Re: [PATCH 1/1] vhost: Protect the virtqueue from being cleared whilst still in use

Stefano Garzarella <sgarzare@xxxxxxxxxx> · Wed, 2 Mar 2022 16:36:43 +0100

On Wed, Mar 02, 2022 at 09:50:38AM -0500, Michael S. Tsirkin wrote:
On Wed, Mar 02, 2022 at 03:11:21PM +0100, Stefano Garzarella wrote:
On Wed, Mar 02, 2022 at 08:35:08AM -0500, Michael S. Tsirkin wrote:
> On Wed, Mar 02, 2022 at 10:34:46AM +0100, Stefano Garzarella wrote:
> > On Wed, Mar 02, 2022 at 07:54:21AM +0000, Lee Jones wrote:
> > > vhost_vsock_handle_tx_kick() already holds the mutex during its call
> > > to vhost_get_vq_desc().  All we have to do is take the same lock
> > > during virtqueue clean-up and we mitigate the reported issues.
> > >
> > > Link: https://syzkaller.appspot.com/bug?extid=279432d30d825e63ba00
> >
> > This issue is similar to [1] that should be already fixed upstream by [2].
> >
> > However I think this patch would have prevented some issues, because
> > vhost_vq_reset() sets vq->private to NULL, preventing the worker from
> > running.
> >
> > Anyway I think that when we enter in vhost_dev_cleanup() the worker should
> > be already stopped, so it shouldn't be necessary to take the mutex. But in
> > order to prevent future issues maybe it's better to take them, so:
> >
> > Reviewed-by: Stefano Garzarella <sgarzare@xxxxxxxxxx>
> >
> > [1]
> > https://syzkaller.appspot.com/bug?id=993d8b5e64393ed9e6a70f9ae4de0119c605a822
> > [2] https://git.kernel.org/pub/scm/linux/kernel/git/torvalds/linux.git/commit/?id=a58da53ffd70294ebea8ecd0eb45fd0d74add9f9
>
>
> Right. I want to queue this but I would like to get a warning
> so we can detect issues like [2] before they cause more issues.

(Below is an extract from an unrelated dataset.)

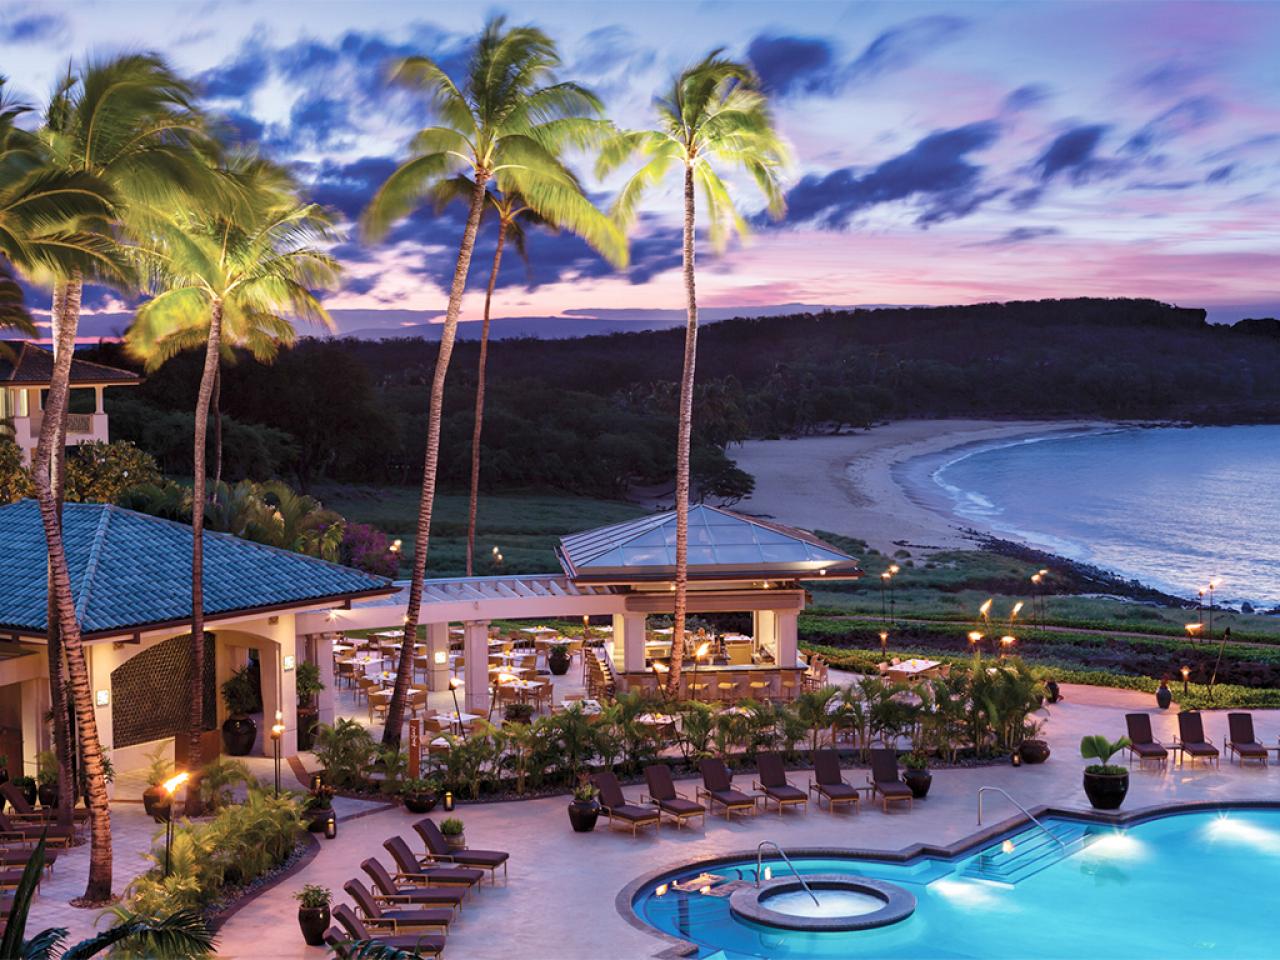 A beach resort in Lanai, Hawaii

I agree, what about moving the warning that we already have higher up, right
at the beginning of the function?

I mean something like this:

diff --git a/drivers/vhost/vhost.c b/drivers/vhost/vhost.c
index 59edb5a1ffe2..1721ff3f18c0 100644
--- a/drivers/vhost/vhost.c
+++ b/drivers/vhost/vhost.c
@@ -692,6 +692,8 @@ void vhost_dev_cleanup(struct vhost_dev *dev)
 {
        int i;
+       WARN_ON(!llist_empty(&dev->work_list));
+
        for (i = 0; i < dev->nvqs; ++i) {
                if (dev->vqs[i]->error_ctx)
                        eventfd_ctx_put(dev->vqs[i]->error_ctx);
@@ -712,7 +714,6 @@ void vhost_dev_cleanup(struct vhost_dev *dev)
        dev->iotlb = NULL;
        vhost_clear_msg(dev);
        wake_up_interruptible_poll(&dev->wait, EPOLLIN | EPOLLRDNORM);
-       WARN_ON(!llist_empty(&dev->work_list));
        if (dev->worker) {
                kthread_stop(dev->worker);
                dev->worker = NULL;


Hmm I'm not sure why it matters.

Because after this new patch, putting locks in the while loop, when we 
finish the loop the workers should be stopped, because vhost_vq_reset() 
sets vq->private to NULL.

But the best thing IMHO is to check that there is no backend set for 
each vq, so the workers have been stopped correctly at this point.

Thanks,
Stefano